The ongoing strike of lawyers in Bengal has dealt a blow to the revival of steel city-based Incab Industries.
Company sources said as many as three hearings in Calcutta High Court on the revival issue could not take place because of the strike.
The hearing at the Calcutta bench of National Company Law Tribunal (NCLT), which was supposed to be held on Wednesday, was also cancelled.
NCLT is a quasi-judicial body that adjudicates issues relating to companies, especially cases that are pending before the Board for Industrial and Financial Reconstruction (BIFR) and the Appellate Authority for Industrial and Financial Reconstruction (AAIFR).
NCLT was constituted with effect from June 1, 2016 and Incab’s case was referred to it after the abolition of BIFR.
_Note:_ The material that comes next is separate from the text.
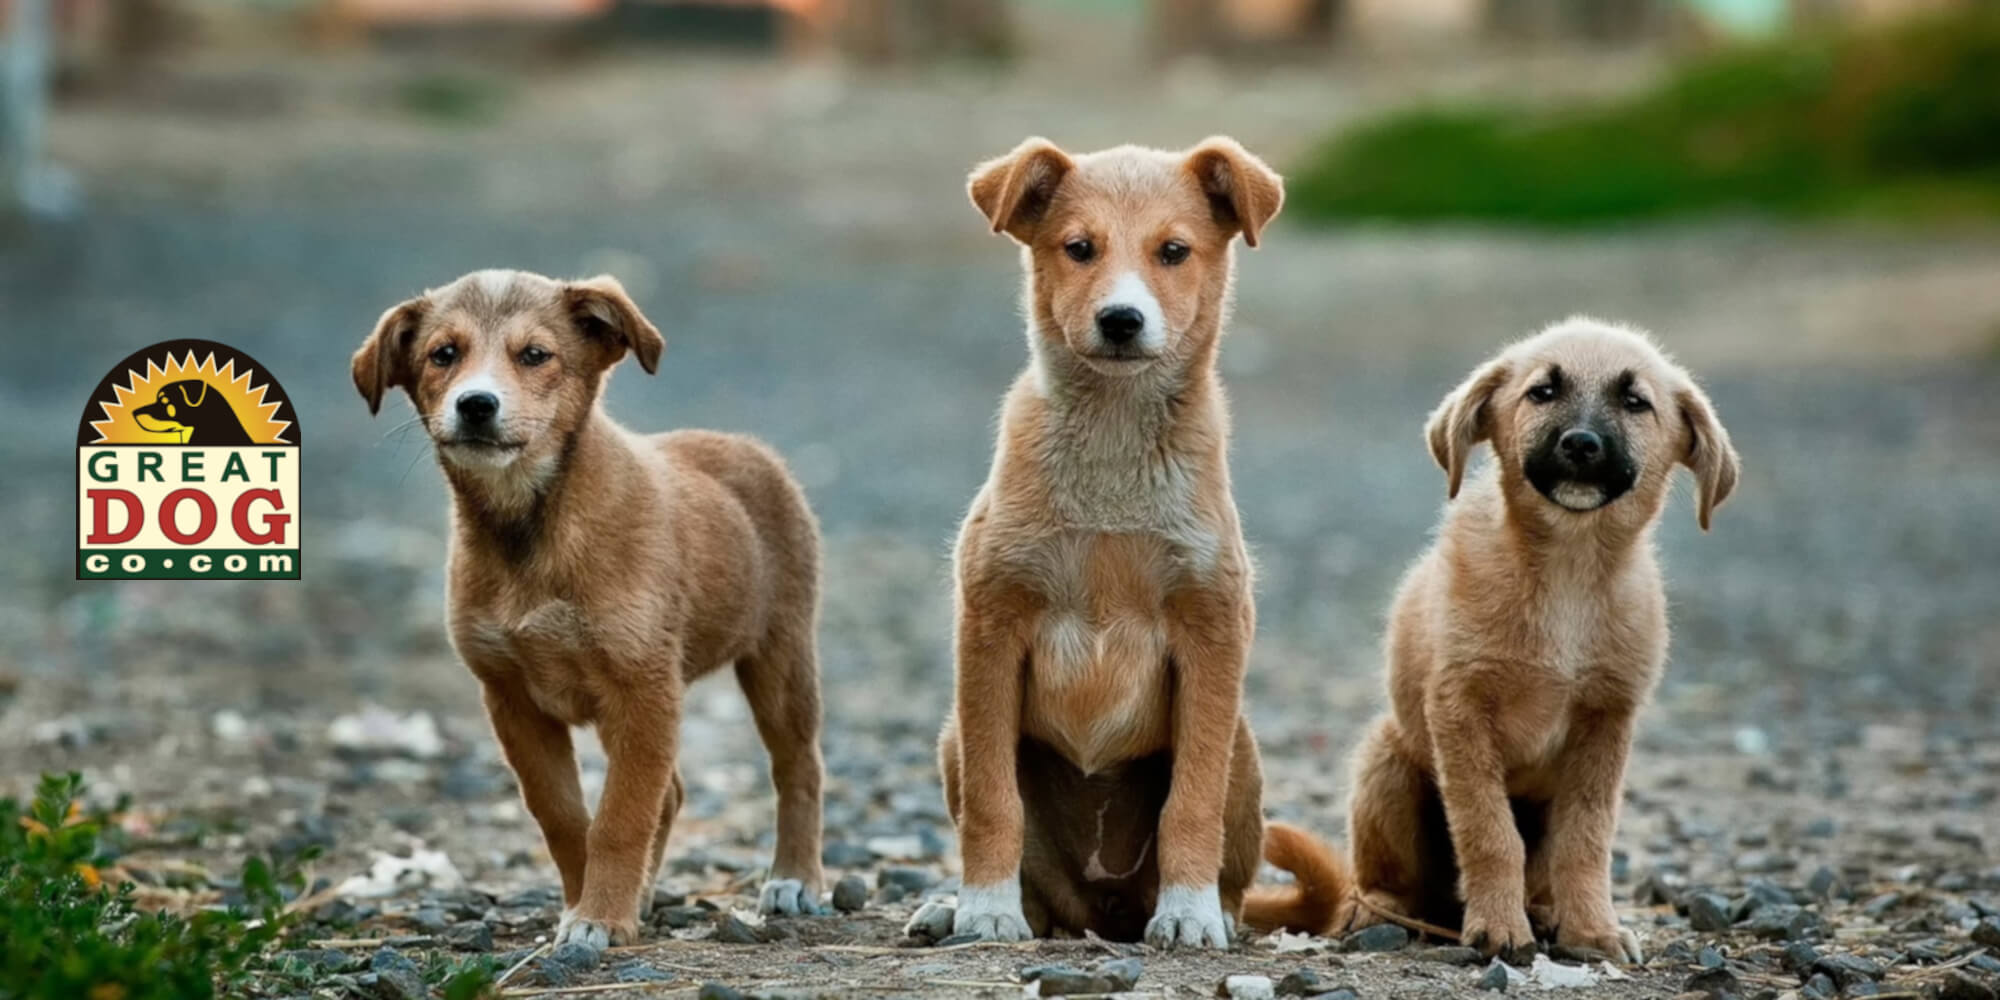 great-dog-co-home-page-image-of-three-terriers-with-text-healthy-dog-teats-and-chews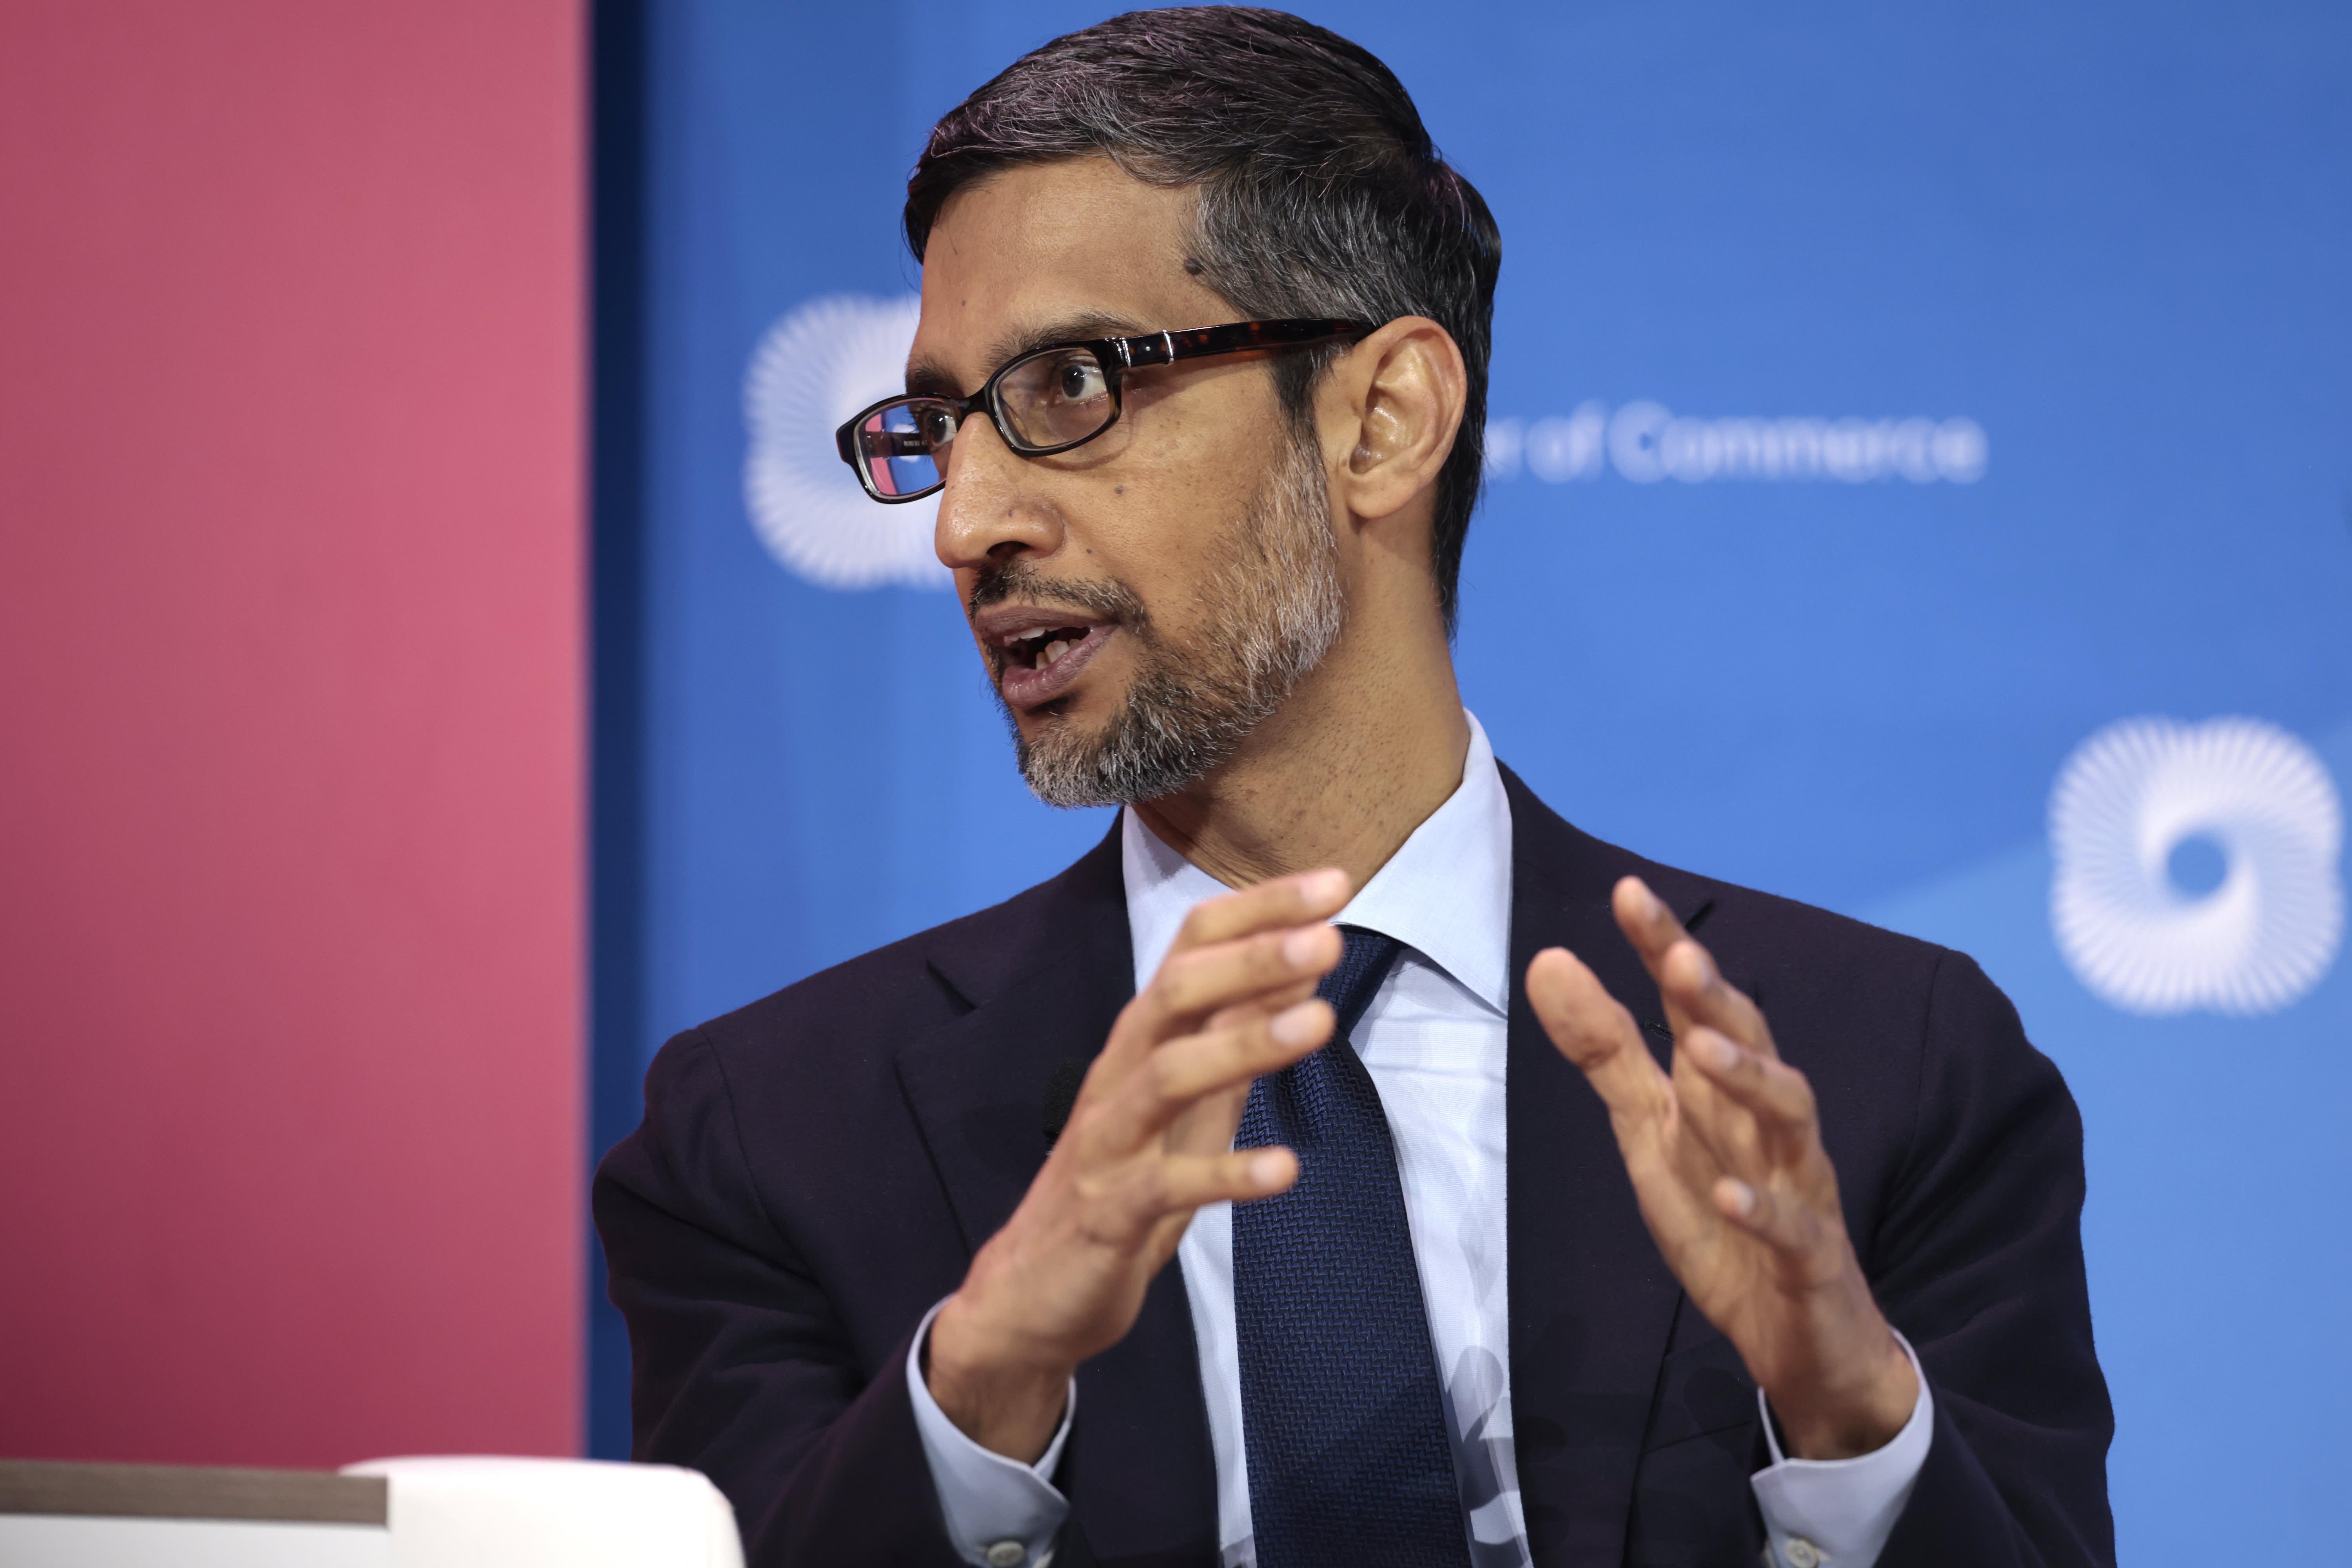 Google CEO Sundar Pichai warns society to prepare for the impact of accelerating artificial intelligence

Around 15,000 lawyers across 85 courts in Bengal are on a strike to protest the alleged attack on them by policemen and municipal workers at a Howrah court on April 24.
Incab, which has its production units in Jamshedpur and Pune, is based out of Calcutta.
Aloke Sen, assistant secretary of Calcutta-based labour union Incab Employees Association, said three hearings since April 26 at Calcutta High Court could not take place due to the lawyers’ strike. “Union representatives from Jamshedpur had come to attend the hearings, but they had to return dejected,” he said.
He went on to say that the hearings, which could not take place, were crucial. “We were expecting an interim order from the court in favour of Tata Steel, the lone bidder left to take over the company,” he explained.
BIFR and AAIFR, which had already given verdicts in favour of Tata Steel in the past, were dissolved on December 1, 2016, paving the way for NCLT that helps in the revival of sick industries. In 2016, Delhi High Court had ruled that Tata Steel was the best bidder for Incab.
There are 950-odd employees on the company’s roll and none of them has received salaries ever since the company was referred to BIFR in 1999.